*** Data below Section Begins ***
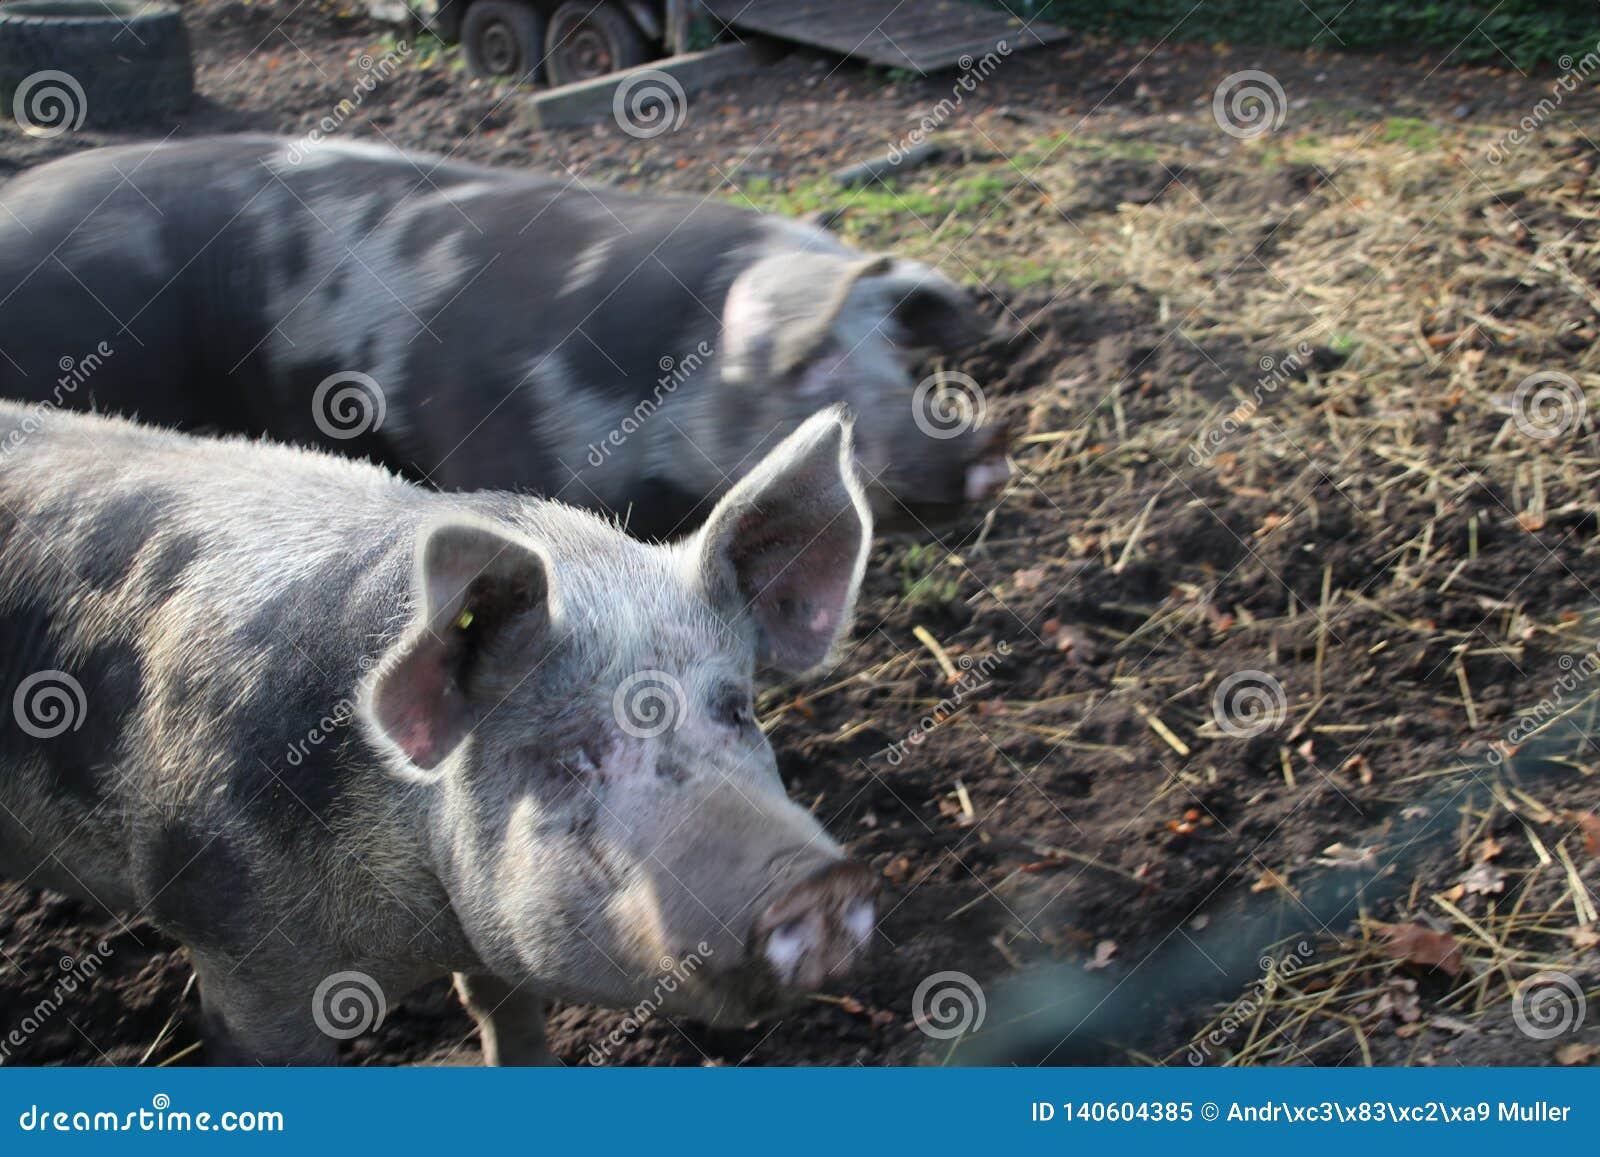 De varkens bevinden zich op modderland op een landbouwbedrijf in Oldebroek in Nederland
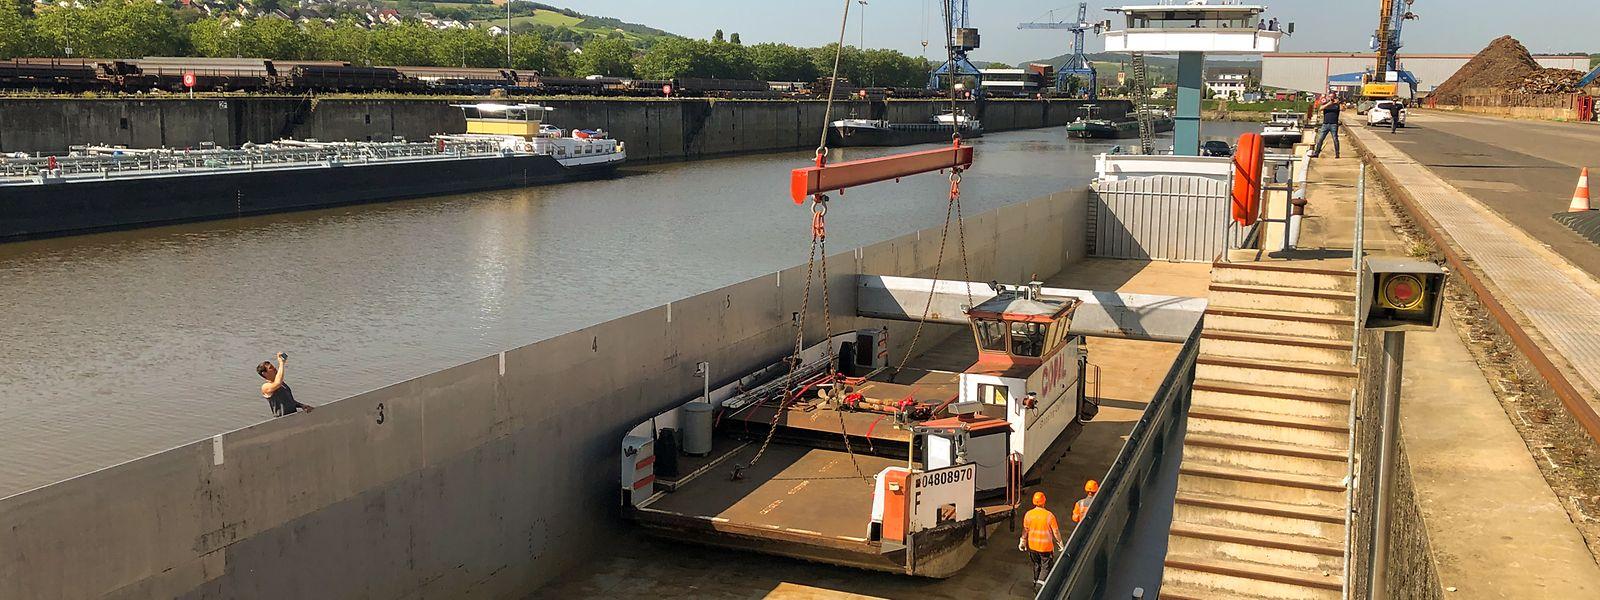 C'est dans une barge que la Sankta Maria va maintenant rejoindre Anvers, avant son long périple vers l'Afrique.
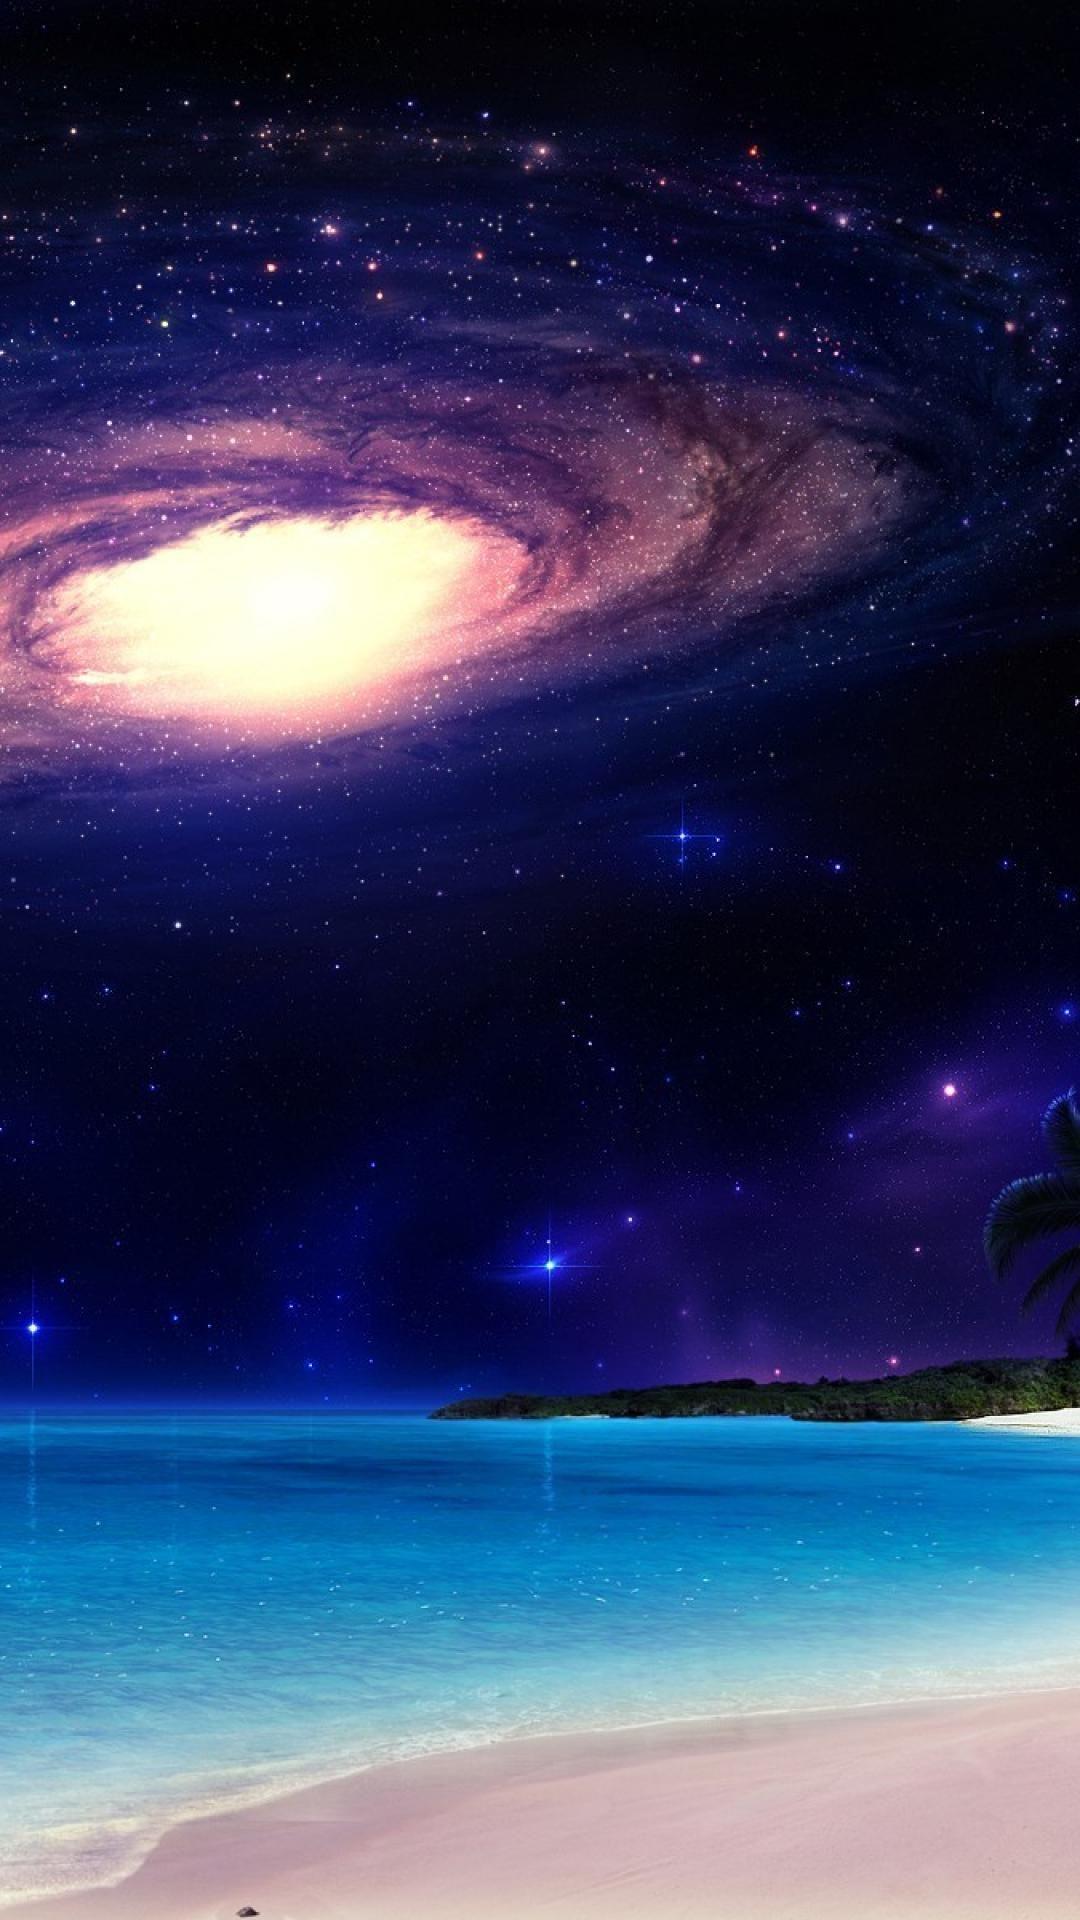 星空とビーチ 壁紙 星空 ビーチの壁紙
*** Data below Section Ends ***
About this task: Output the data above verbatim, pictures excluded.

Task solution:
 De varkens bevinden zich op modderland op een landbouwbedrijf in Oldebroek in Nederland
 C'est dans une barge que la Sankta Maria va maintenant rejoindre Anvers, avant son long périple vers l'Afrique.
 星空とビーチ 壁紙 星空 ビーチの壁紙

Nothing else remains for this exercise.